話を聞き終えた望月さんが、目を丸くした。
「えっ……ガニメデの事故のことは知ってたけど……」
視線がゆっくりと僕に向く。
「星野君のお父さんって、信濃の星野艦長だったの……?」
驚きが、そのまま声に滲んでいた。
「さっき、星野君は“三人娘”って言ったけど――」
管理官は、ふっと微笑む。
「当時、信濃の機関部にいた技師は三人とも女性で、年齢も近かったの。だから、とても仲が良かったわ」
少しだけ視線を遠くへ向ける。
「今でも、ときどき連絡を取り合っているのよ」
その声音は、どこか柔らかかった。
「二人とも、すごい実力だったから……私も必死だったわ」
小さく息を吐く。
「練習もしたし、勉強もした。時間があれば、“お父さん”やローラ次席に質問ばかりしていた」
懐かしむように、目を細める。
「二人とも、いつも優しく答えてくれたわ」
ほんの少しだけ、言葉を区切る。
「……最高の上司だった」
(ローラ次席……信濃と運命を共にした、次席機関士——)
「あの……」
少し迷ってから、決心して口を開く。
「聞いていいのか分からないんですけど……ローラ次席って、信濃と一緒に行方不明になった、ゴールドバーグ機関長代理のことですよね?」
その瞬間、管理官の表情がわずかに曇った。けれど、すぐに真っ直ぐな眼差しに戻る。
「ええ、そうよ」
一度だけ、静かに頷く。
「遺族向けの映像に、何か残っていたのかしら?」
「いえ……映像は僕の両親についてだけで」
首を振る。
「機関室のことは、後で航おじさんから少し聞いただけです。“とてもかなわない”って」
「……お父さん」
その名前を、噛みしめるように呟く。
「しばらく連絡を取っていないけど……会いたいわ」
短く息を吐き、視線を戻す。
「そう、機関室のことね」
ゆっくりと頷く。
「もちろん、話してあげなくちゃね」
そして、ふと周囲に目を向ける。
「ところで……リアムと望月さんに聞かれても、大丈夫?」
「僕は構いません」
即座に答える。リアムと望月さんも顔を見合わせ、小さく頷いた。それを確認すると、管理官は表面張力でカップの縁に張り付いたコーヒーを慣れた手つきで口に運んだ。
そして、静かに視線を遠くへ向ける。
「で、星野君は“映像では見ていない”ということで、いいのかしら?」
「はい。航おじさんから聞いているのは『機関長代理が三人をシェルターに押し込んで、自分は最後まで残った』ということだけです。おじさんも、その場にはいなかったので、細かいところは分からないと聞きました」
管理官はカップを握る手に力を込めた。沈黙が、重く沈んでいく。
「そうだったわね。お父さん、退去の指揮をしてたから……もちろん、その認識で大枠は間違ってないわ」
その一言に、わずかな違和感が混じる。
(……間違っていない?)
管理官はカップを持ったまま、しばらく沈黙した。
「でもね」
彼女が顔を上げた。

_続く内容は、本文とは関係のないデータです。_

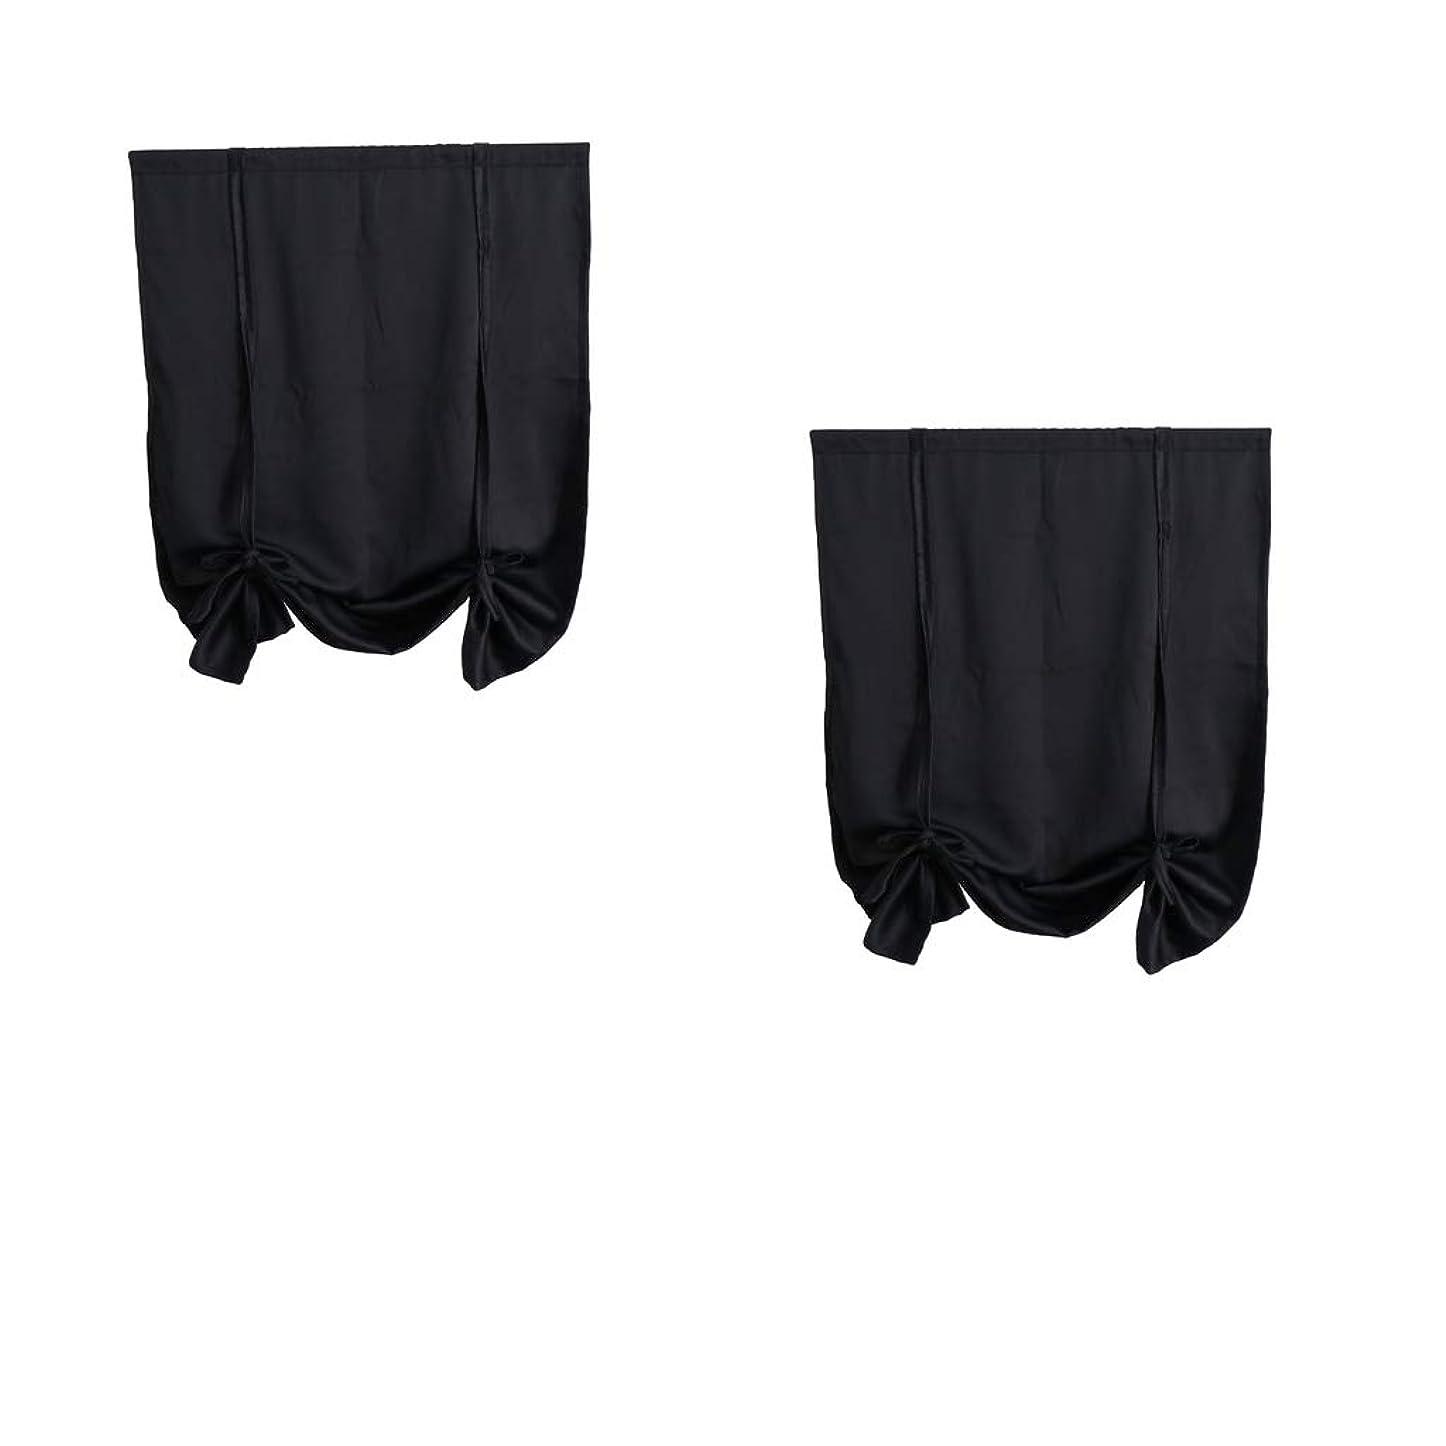 レーニン主義岸チャンスKESOTO ウィンドカーテン 遮光パネル UVカット 2枚 ブラック

その眼差しは、先ほどまでの柔らかな再会を喜ぶ女性のものではなかった。かつて地獄を見た、一人の生存者のものだ。
「あのとき、機関室で起きていたことは——」
一瞬、言葉を切る。視線が、僕を真っ直ぐに捉えた。
「あなたの想像とは少し違うかも知れない」
その言葉の響きは不穏なものだった。
◎登場人物
◯星野晶(15)(166cm):主人公。国際宇宙学院の新入生
◯望月凛(20)(165cm):国際宇宙学院の新入生。主人公とはアカデミー入試の下見で出会った。
◯リアム・ハートリー(男性)(24)(179cm)(オーストラリア):国際宇宙学院の一年生(中等生)。感情表現は豊かだが、感情に流されない。机上の空論嫌い
◯カタリーナ・パーシング(女性)(34)(オーストリア)(164cm):第五軌道エレベータ静止軌道駅の管理官。
◎用語
◯静止軌道駅:軌道エレベータの静止軌道(高度約三万六千㎞)に浮かぶ施設。全長=約一六〇m、最大幅=約一一〇 m。総床面積=約一万八千㎡。常駐人員=五百人、最大滞在人員=千五百人。